## Your assignment:
When writing out the entries below, keep only the lines from the line with "Essence 3-tlg. HYDRATING, Pretty" to the line with "vliegend vlak bovenstaand", both included, exactly as they are, and leave the pictures aside.

## Provided records:
= = = =

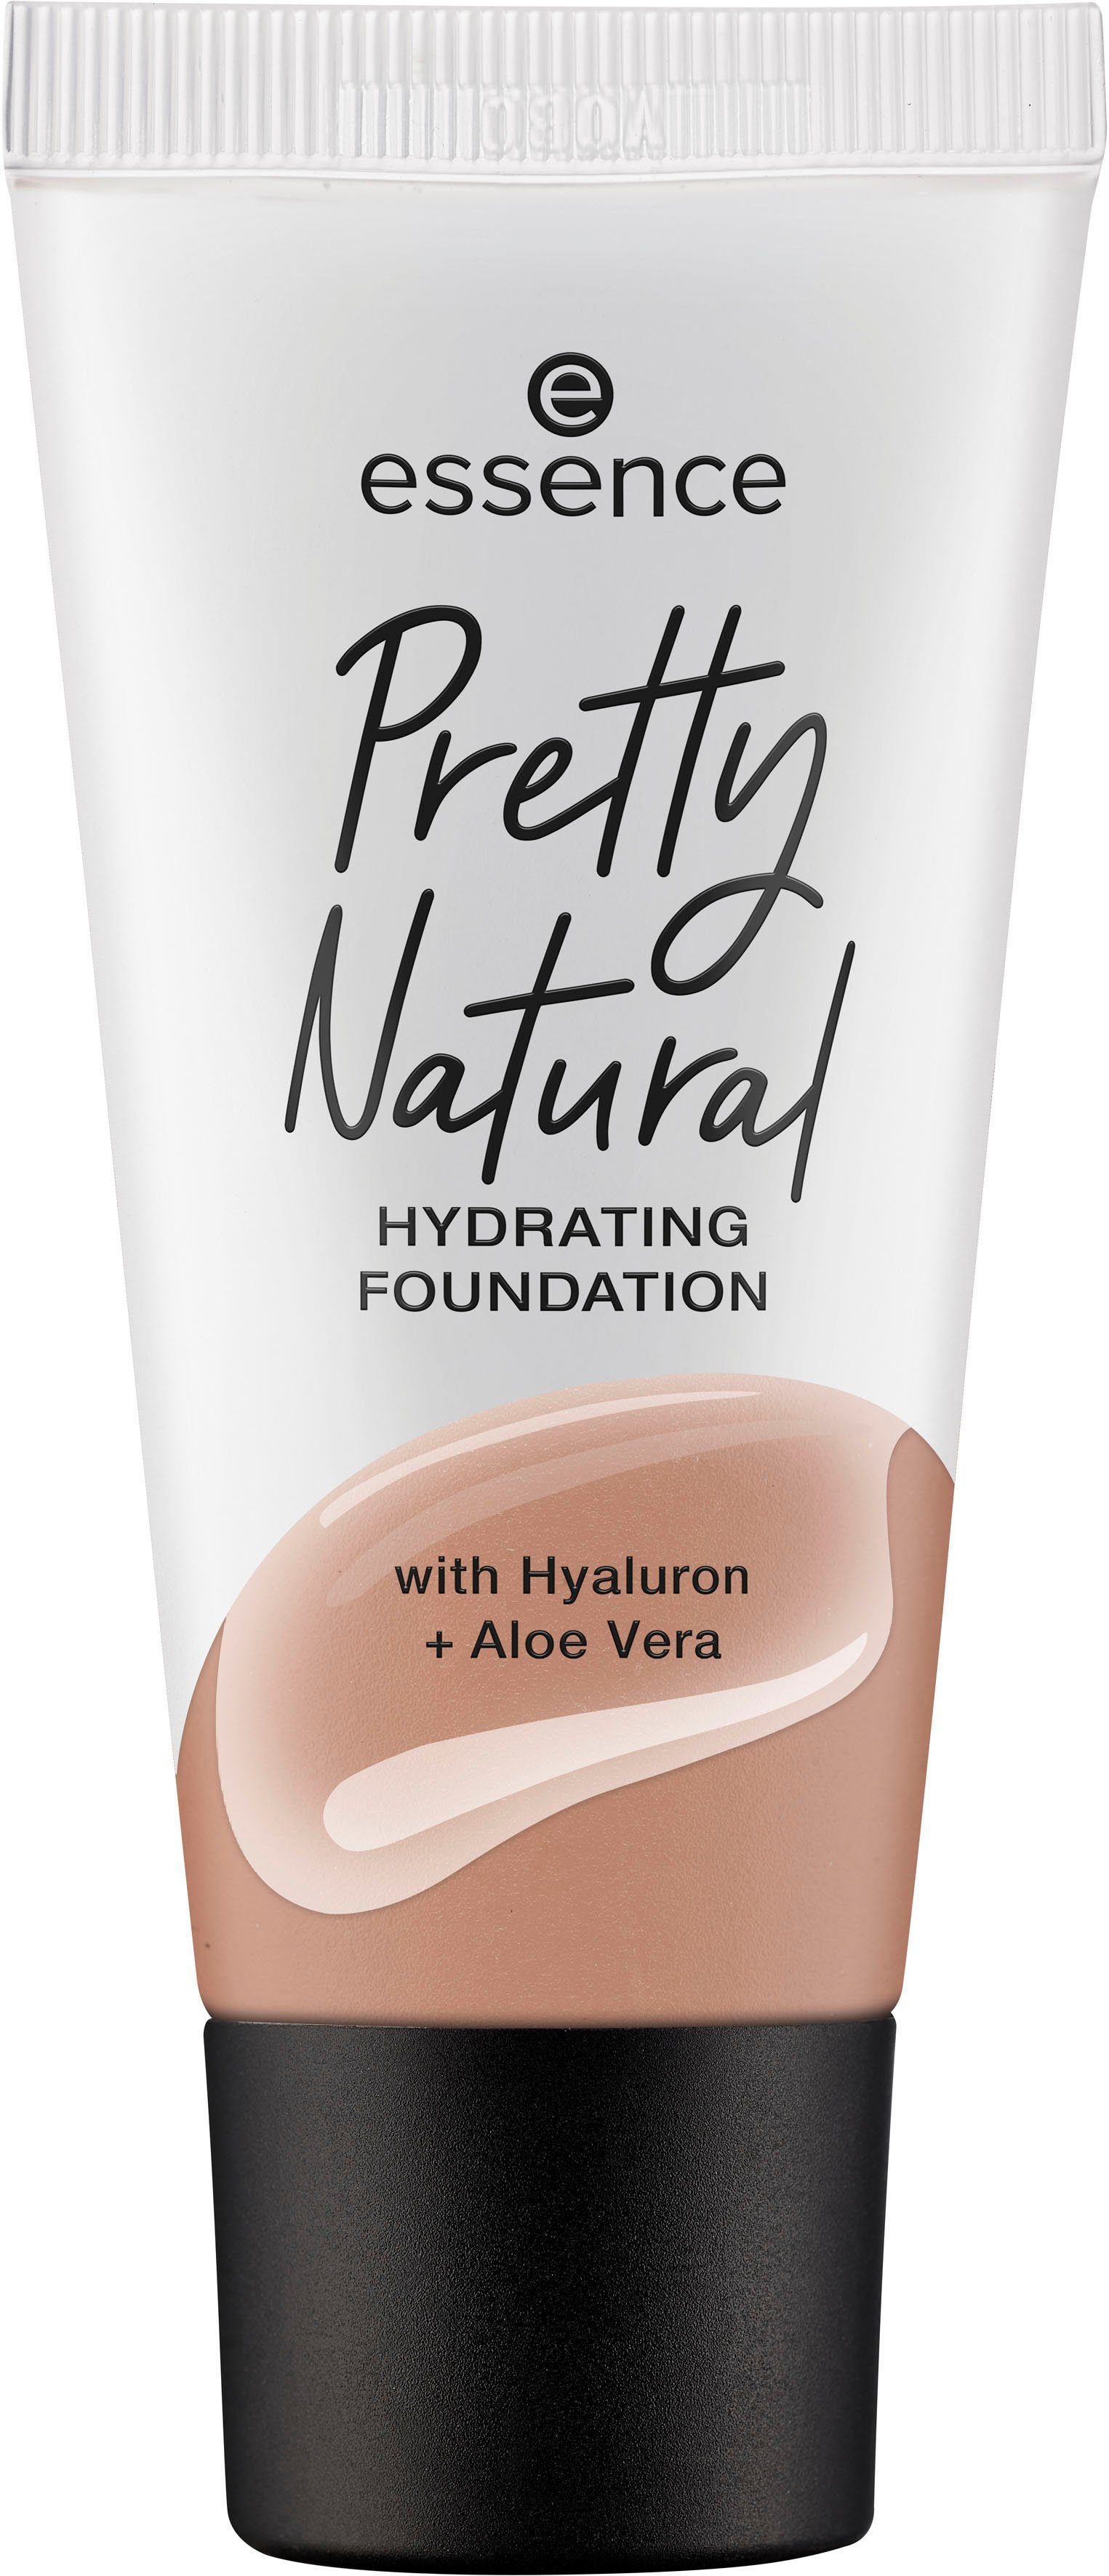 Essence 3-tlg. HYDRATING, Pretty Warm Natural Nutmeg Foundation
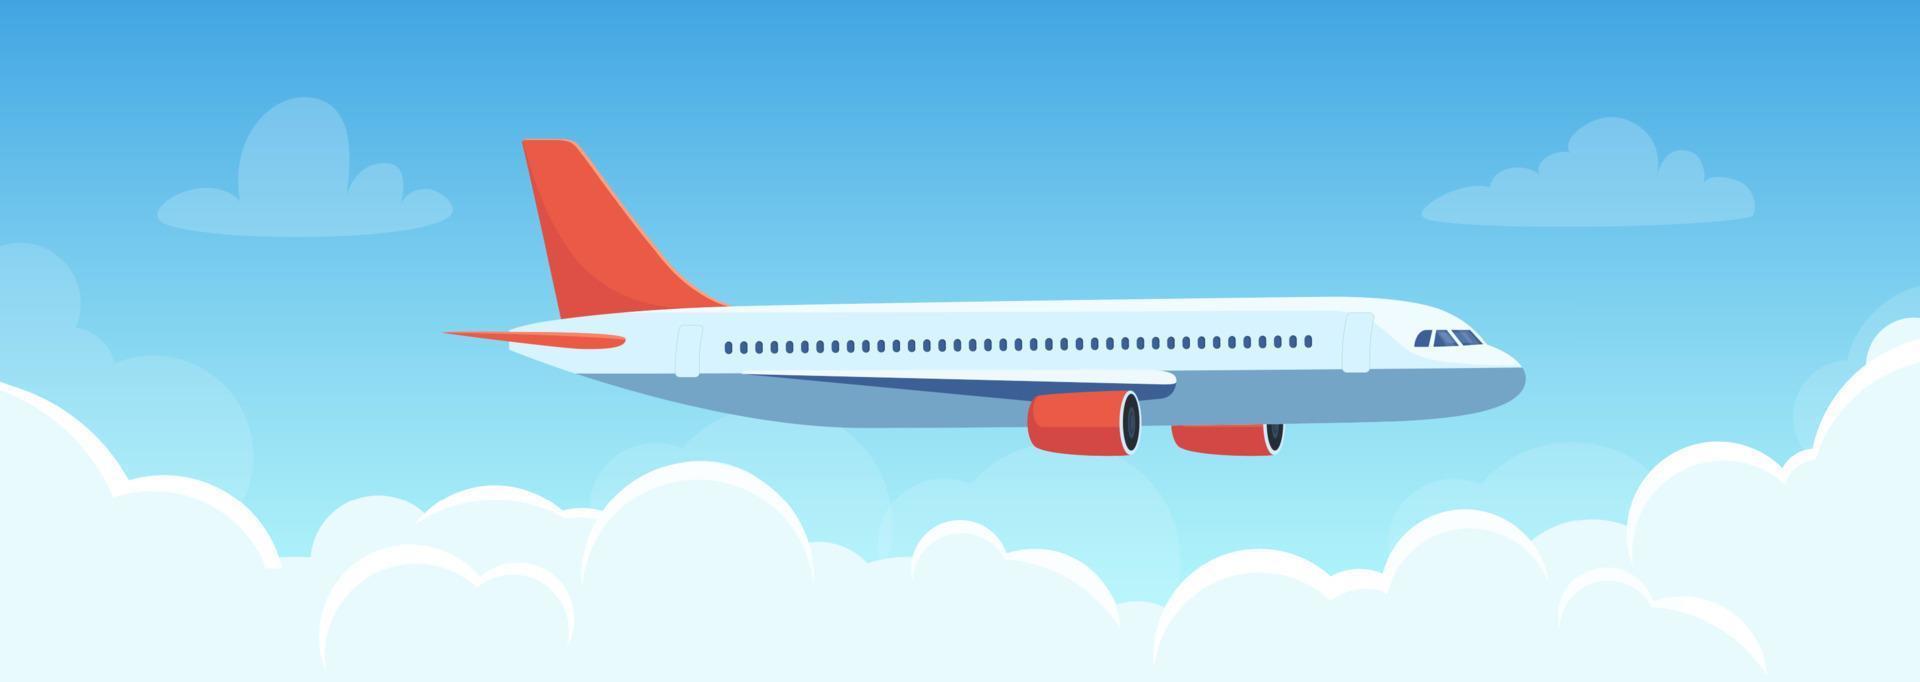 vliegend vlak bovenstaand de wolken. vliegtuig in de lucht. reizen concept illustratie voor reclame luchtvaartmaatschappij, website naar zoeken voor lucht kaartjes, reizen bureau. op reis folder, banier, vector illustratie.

= = = =

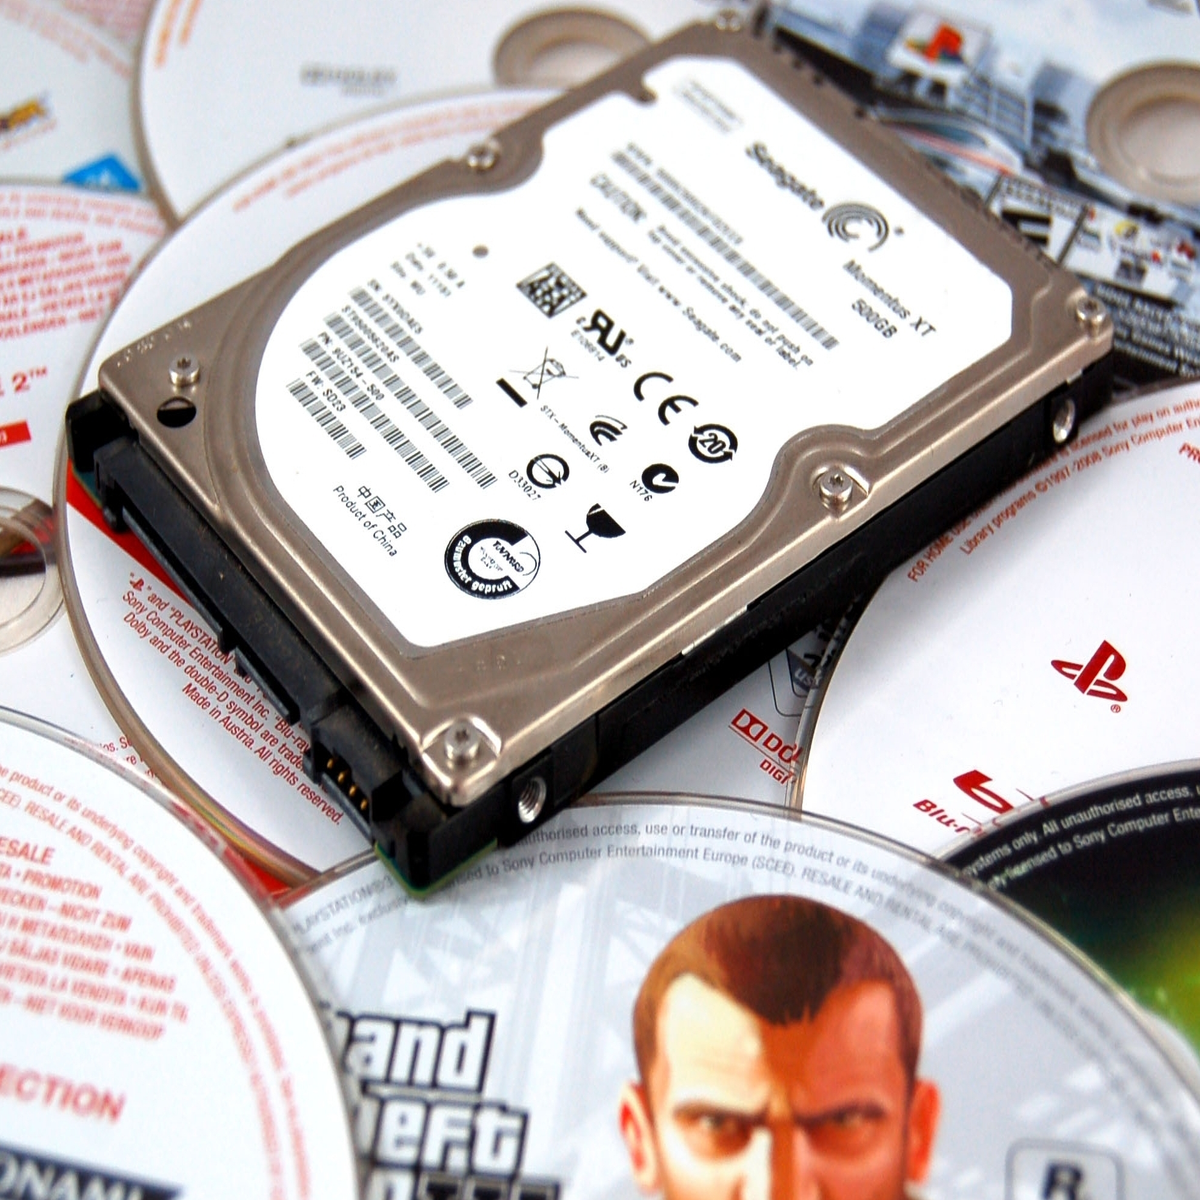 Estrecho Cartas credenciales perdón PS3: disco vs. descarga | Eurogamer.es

= = = =

## Written response:
 Essence 3-tlg. HYDRATING, Pretty Warm Natural Nutmeg Foundation
 vliegend vlak bovenstaand de wolken. vliegtuig in de lucht. reizen concept illustratie voor reclame luchtvaartmaatschappij, website naar zoeken voor lucht kaartjes, reizen bureau. op reis folder, banier, vector illustratie.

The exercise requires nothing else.